Les décors d’Hélène Jourdan surprennent d’abord, avec cette longue pièce basse qui sert de salon et de chambre à coucher au Marquis de la Force, fermée par un grand rideau d’un mauve tout épiscopal, mais qui découvre peu à peu des murs couverts d’images très signifiantes, ouvrant sur un joli jardin fleuri. Elle se verra substituer la très austère chapelle, intemporelle, du couvent, avant de s’ouvrir et de s’élargir très bellement sur le plateau dégagé, fermé au fond par un haut mur de plaques métalliques, après qu’au sol, une machine à laver vite enlevée a absorbé le rideau mauve initial. Pour s’entrouvrir finalement en laissant percer les rayons blancs d’une promesse de rédemption ou de transfiguration.

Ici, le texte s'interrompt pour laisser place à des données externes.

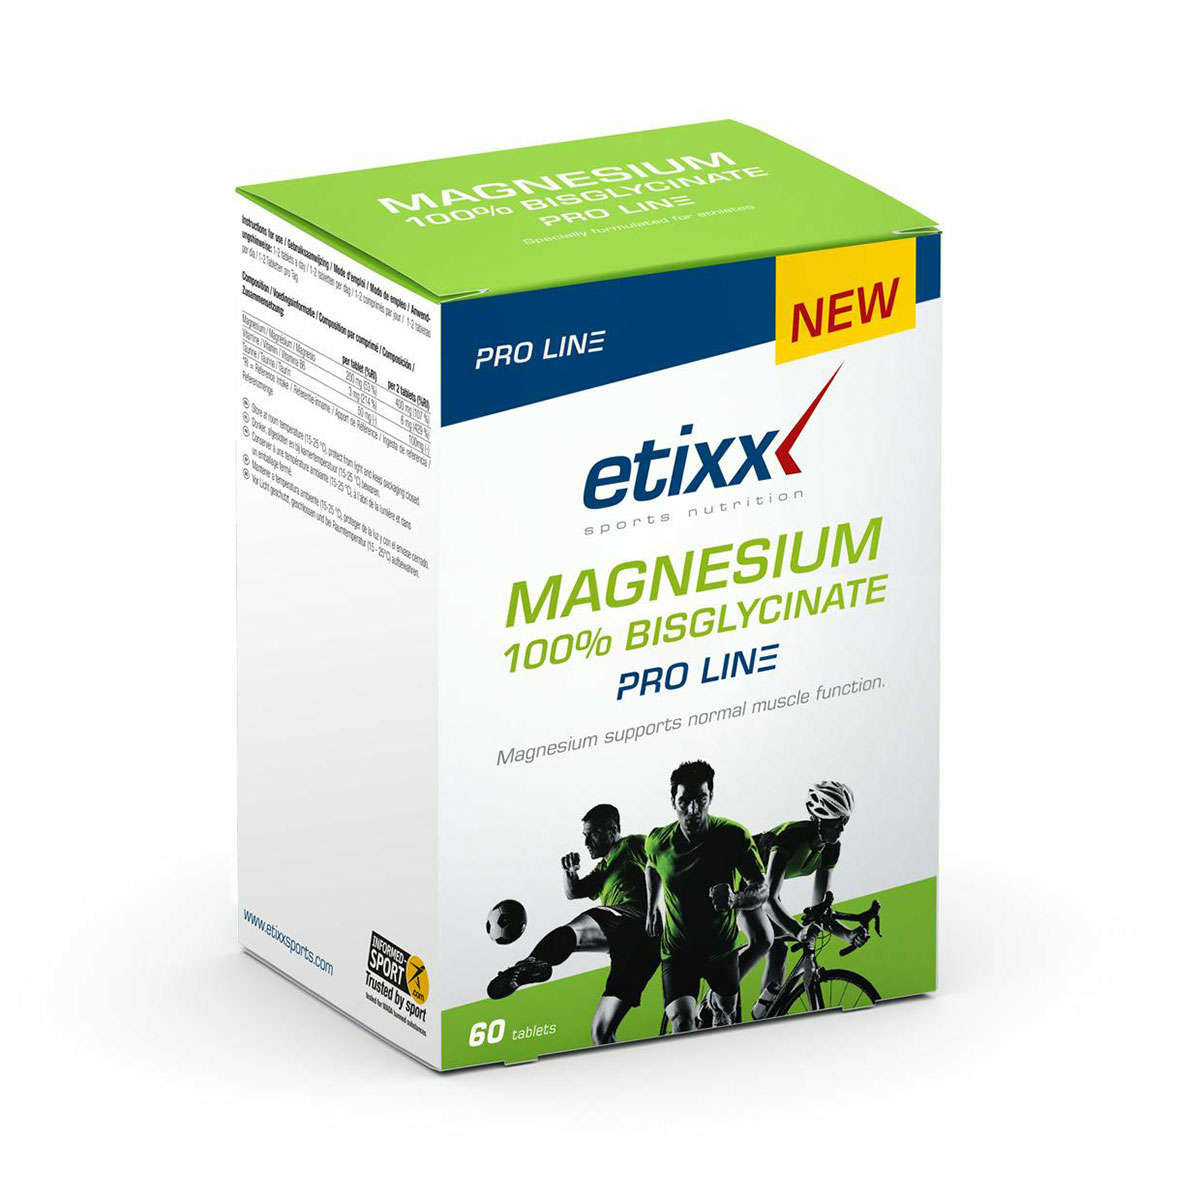 Etixx Magnesium 100% Bisglycinate Pro Line 60 stuks

Parachevant le suivi d’une direction d’acteurs très poussée, dans les mouvements de groupe tout particulièrement, la chute brutale des Carmélites sur le sol inondé de la pluie tombée des cintres donne un final moins saisissant que celui d’Olivier Py, mais tout de même très réussi et d’une force impressionnante. Un excellent plateau achève d’emporter l’adhésion. Après la très belle prestation de Jean-Fernand Setti en Marquis, monumental par la stature comme par la voix profonde, il est dominé par l’étonnante Blanche de la Force de la jeune Hélène Carpentier, dans ses remarquables débuts de carrière : menue, mais puissante, et ardente surtout, pour une incarnation très émouvante. En face d’elle, s’impose – et s’expose très crûment – une Lucile Richardot bouleversante dans l’agonie de Madame de Croissy, presque insupportable de réalisme même, sur son lit d’infirmerie. Le très noble et bien chantant Chevalier de la Force de Julien Henric (nommé aux Victoires de la Musique classique en 2025) contribue à adoucir les angles, tandis qu’en seconde partie se déploie la somptueuse, chaude et puissante voix de velours de la soprano Axelle Fanyo, au registre large, mais qui donne une Madame Lidoine pas toujours compréhensible. Non moins énergique, les Mères Marie et Jeanne d’Eugénie Joneau et Aurélia Legay, ainsi que l’agile et espiègle Constance d’Emy Gazeilles, devant de bons comprimari. Brillante.
Ben Glassberg, le directeur musical de l’Opéra de Normandie, fait valoir, non sans quelques duretés d’accents, le plus pathétique et violent de l’œuvre avec un orchestre maison, auquel on pardonnera facilement des accrocs de cuivres ici et là, et l’excellent Chœur Accentus en résidence. Malgré tout, une production remarquablement élaborée, qu’on aura plaisir à revoir lors de sa reprise à Nancy, coproducteur, en janvier 2026.